■ Work instruction
Reproduce the lines below verbatim. Pictures are to be omitted.

■ Available data

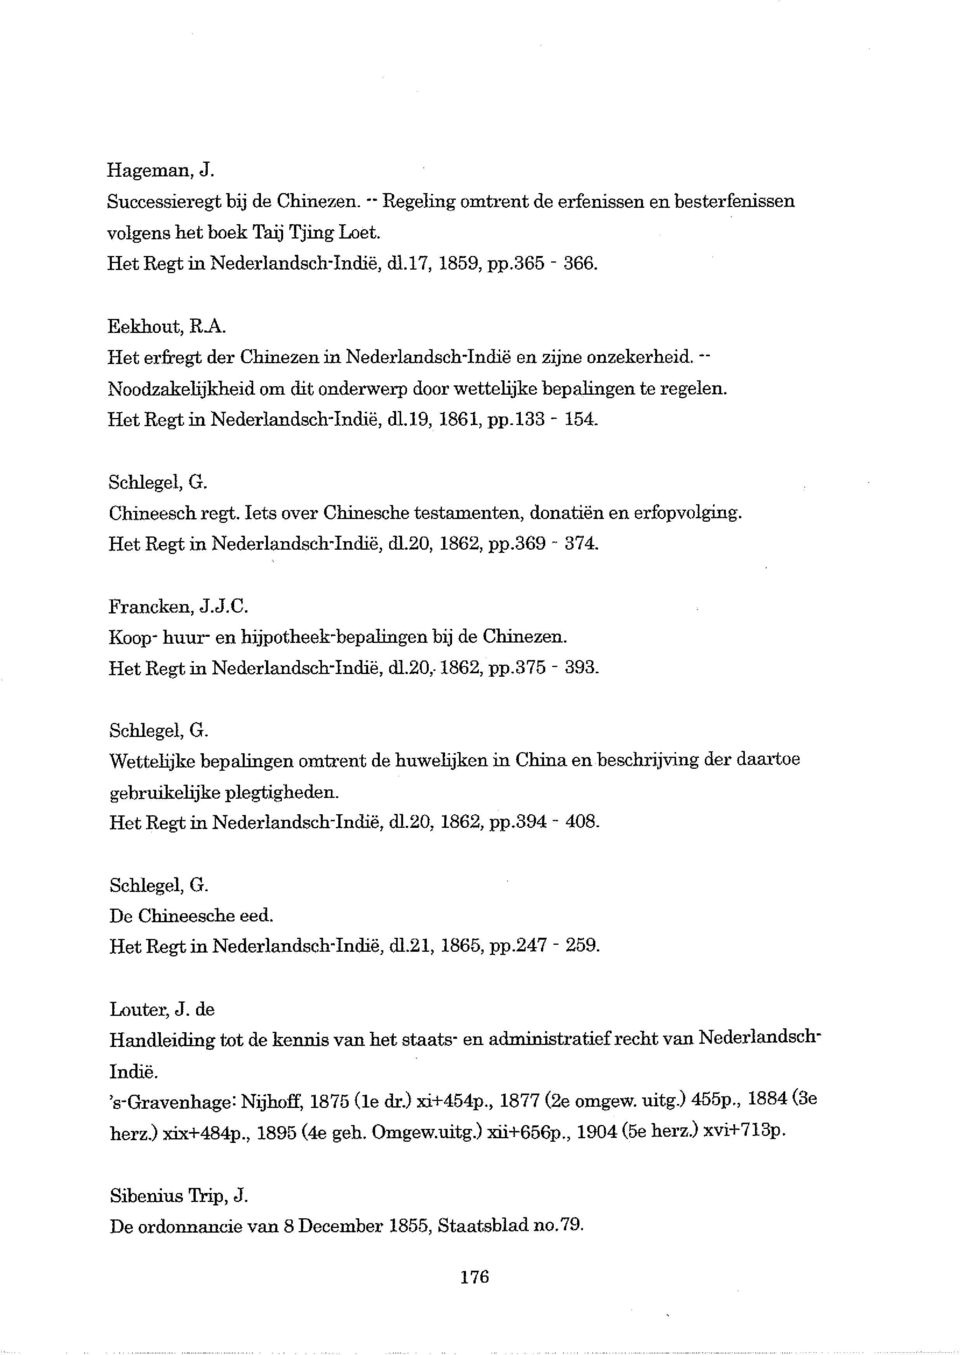 Schlegel, G. Chineesch regt. lets over Chinesche testamenten, donatien en erfopvolging. Het Regt in Nederlandsch-Indie, dl.20, 1862, pp.369-374. Francken, J.J.C. Koop huur- en hijpotheek-bepalingen bij de Chinezen.
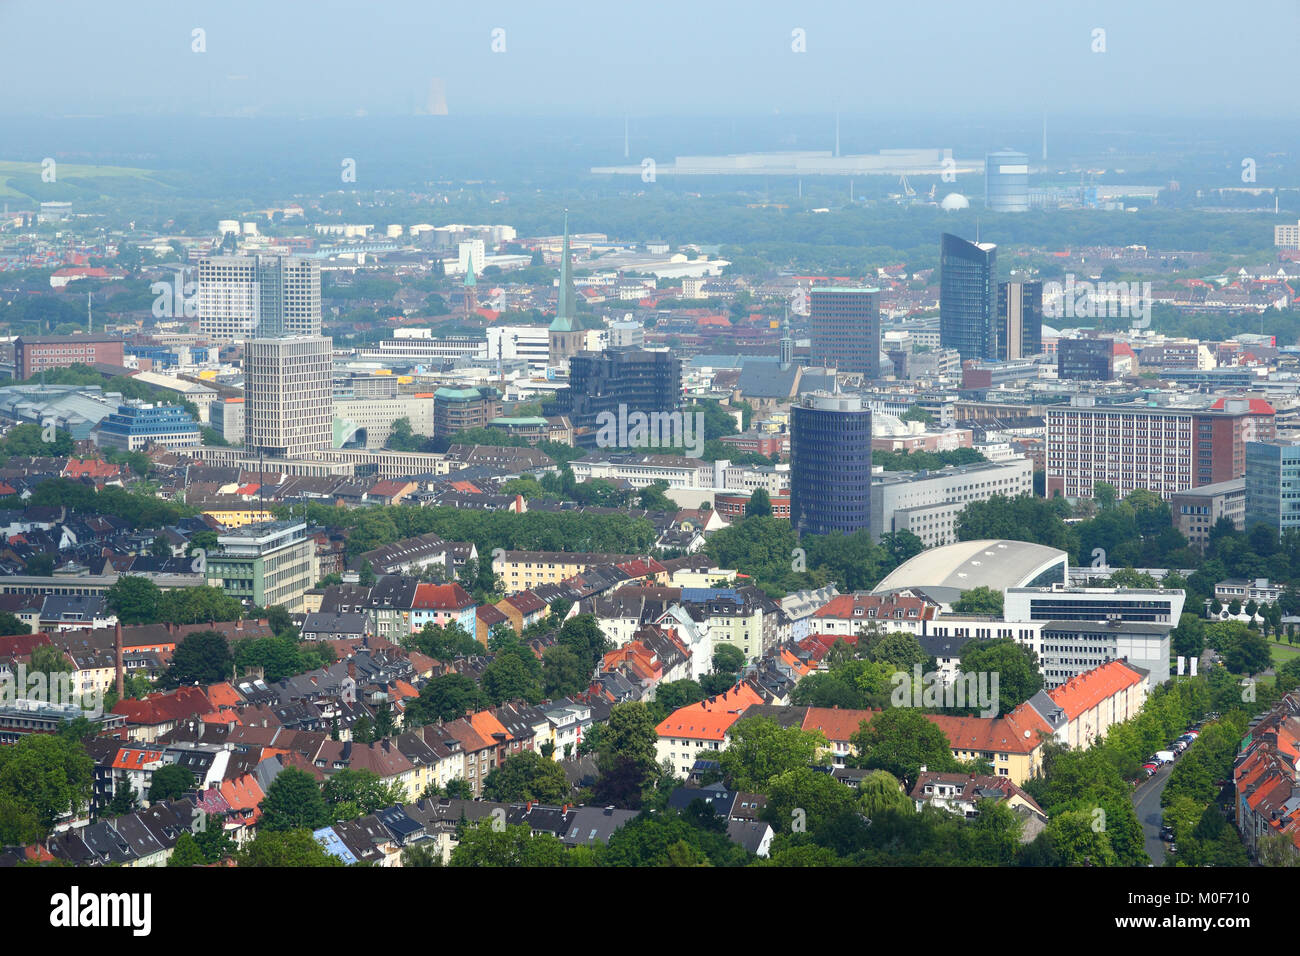 Dortmund - ciudad de Ruhrgebiet (región metropolitana del Ruhr) en Alemania. Vista aérea. Foto de stock
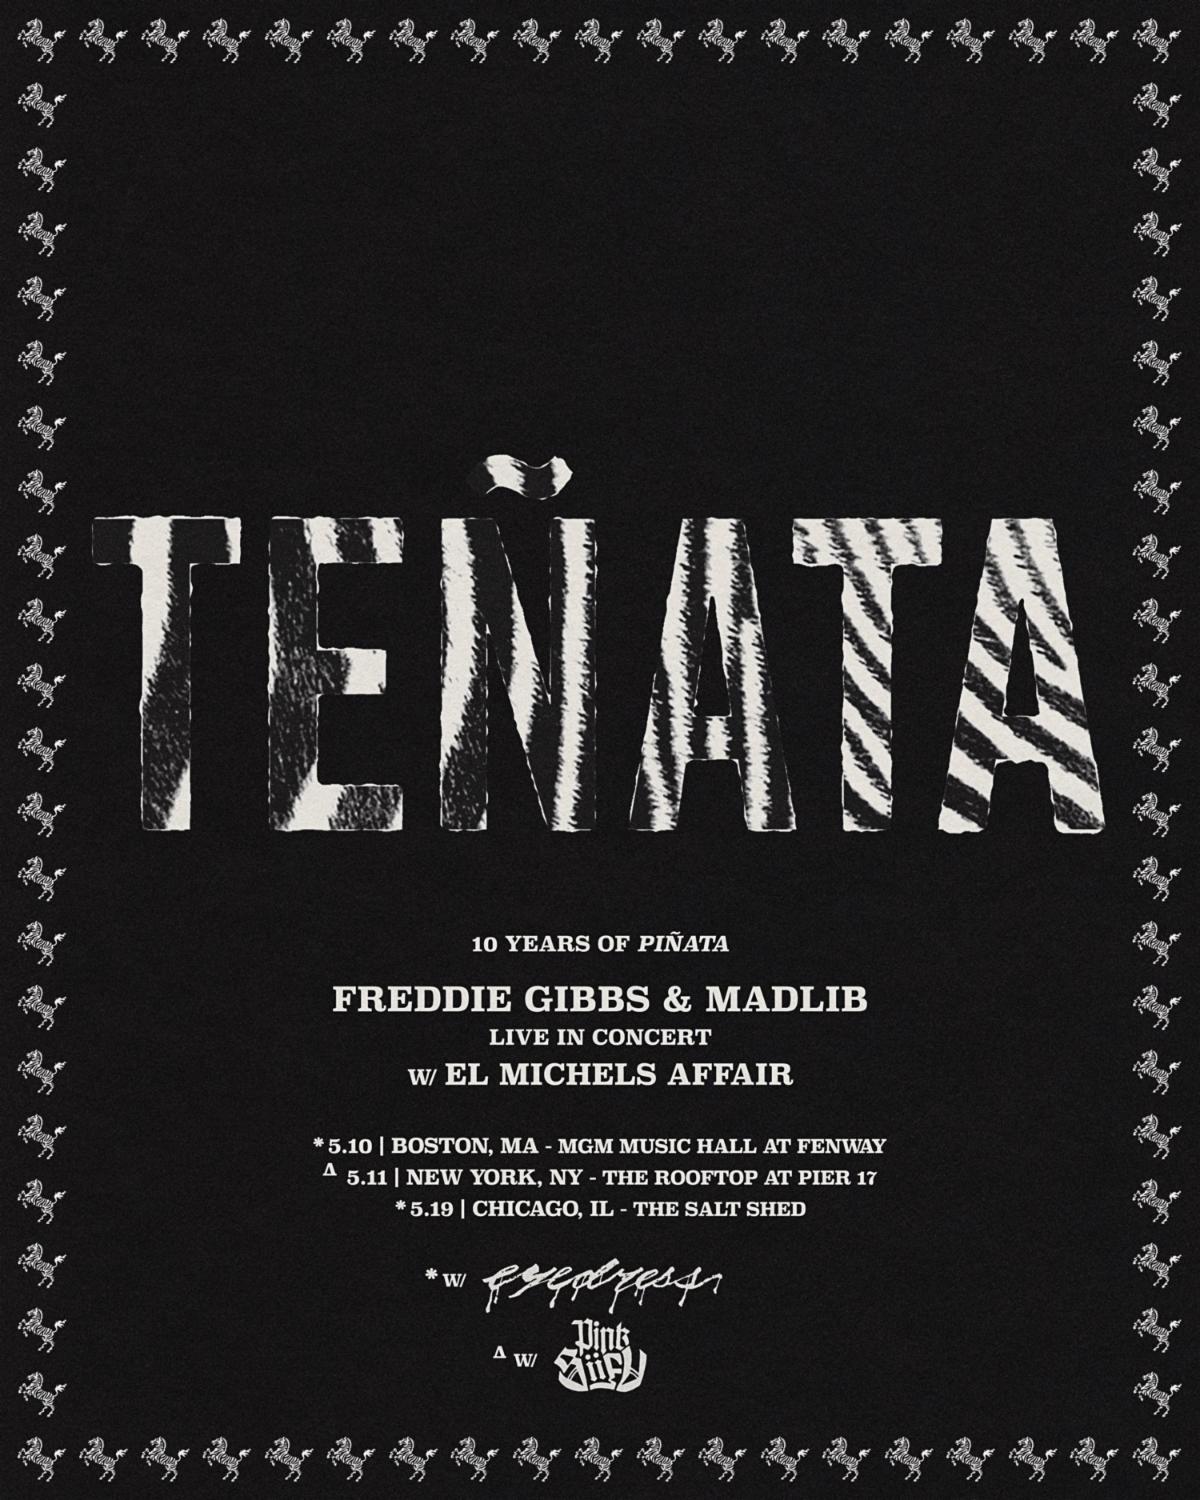 Freddie Gibbs and Madlib “Teñata” anniversary tour poster
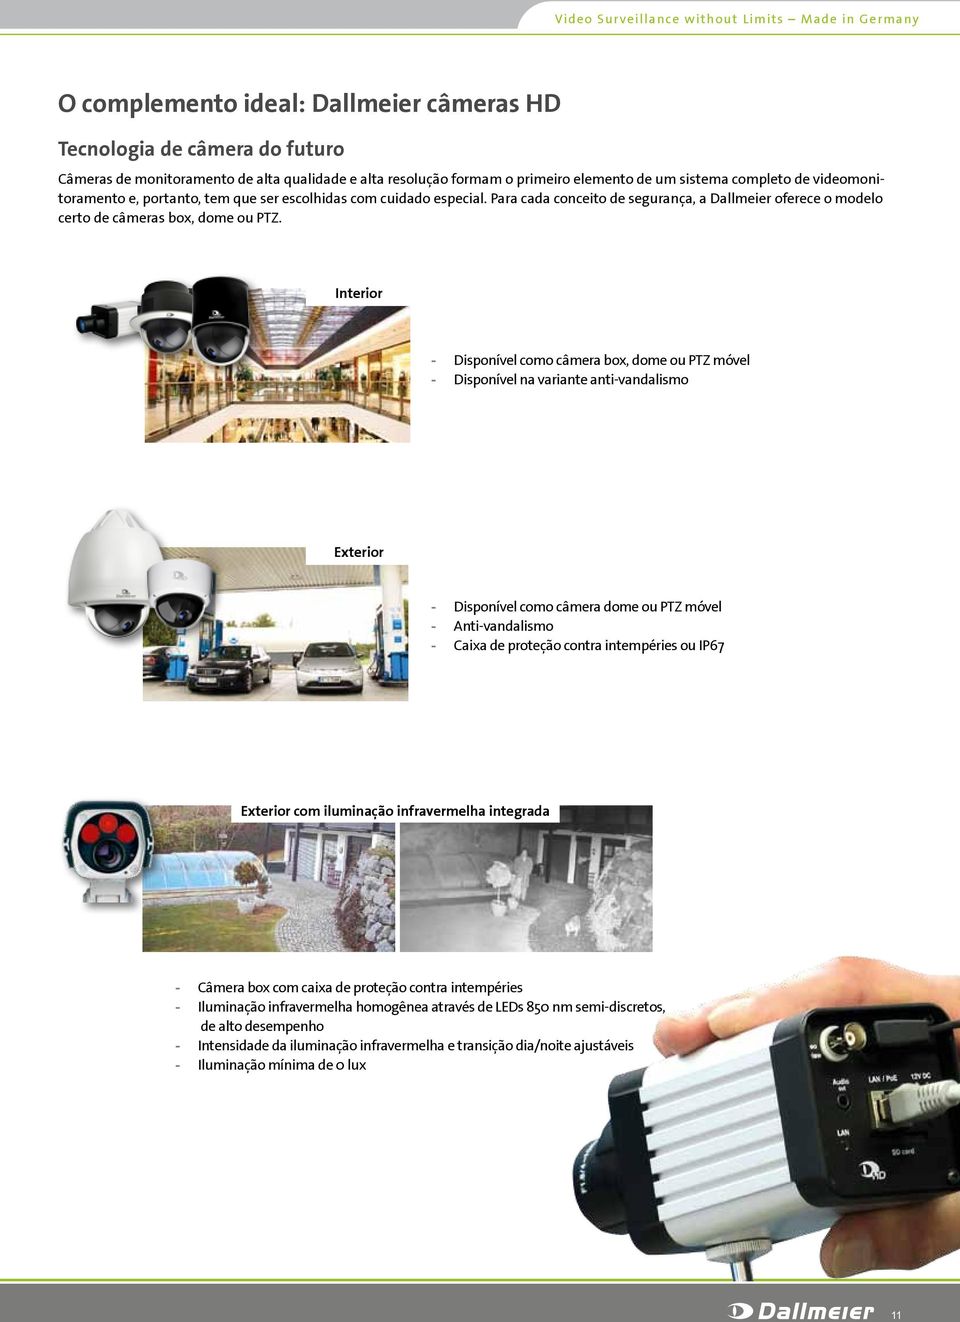 Para cada conceito de segurança, a Dallmeier oferece o modelo certo de câmeras box, dome ou PTZ.

■ Answer section
 Schlegel, G. Chineesch regt. lets over Chinesche testamenten, donatien en erfopvolging. Het Regt in Nederlandsch-Indie, dl.20, 1862, pp.369-374. Francken, J.J.C. Koop huur- en hijpotheek-bepalingen bij de Chinezen.
 Dortmund - ciudad de Ruhrgebiet (región metropolitana del Ruhr) en Alemania. Vista aérea. Foto de stock
 Freddie Gibbs and Madlib “Teñata” anniversary tour poster
 Para cada conceito de segurança, a Dallmeier oferece o modelo certo de câmeras box, dome ou PTZ.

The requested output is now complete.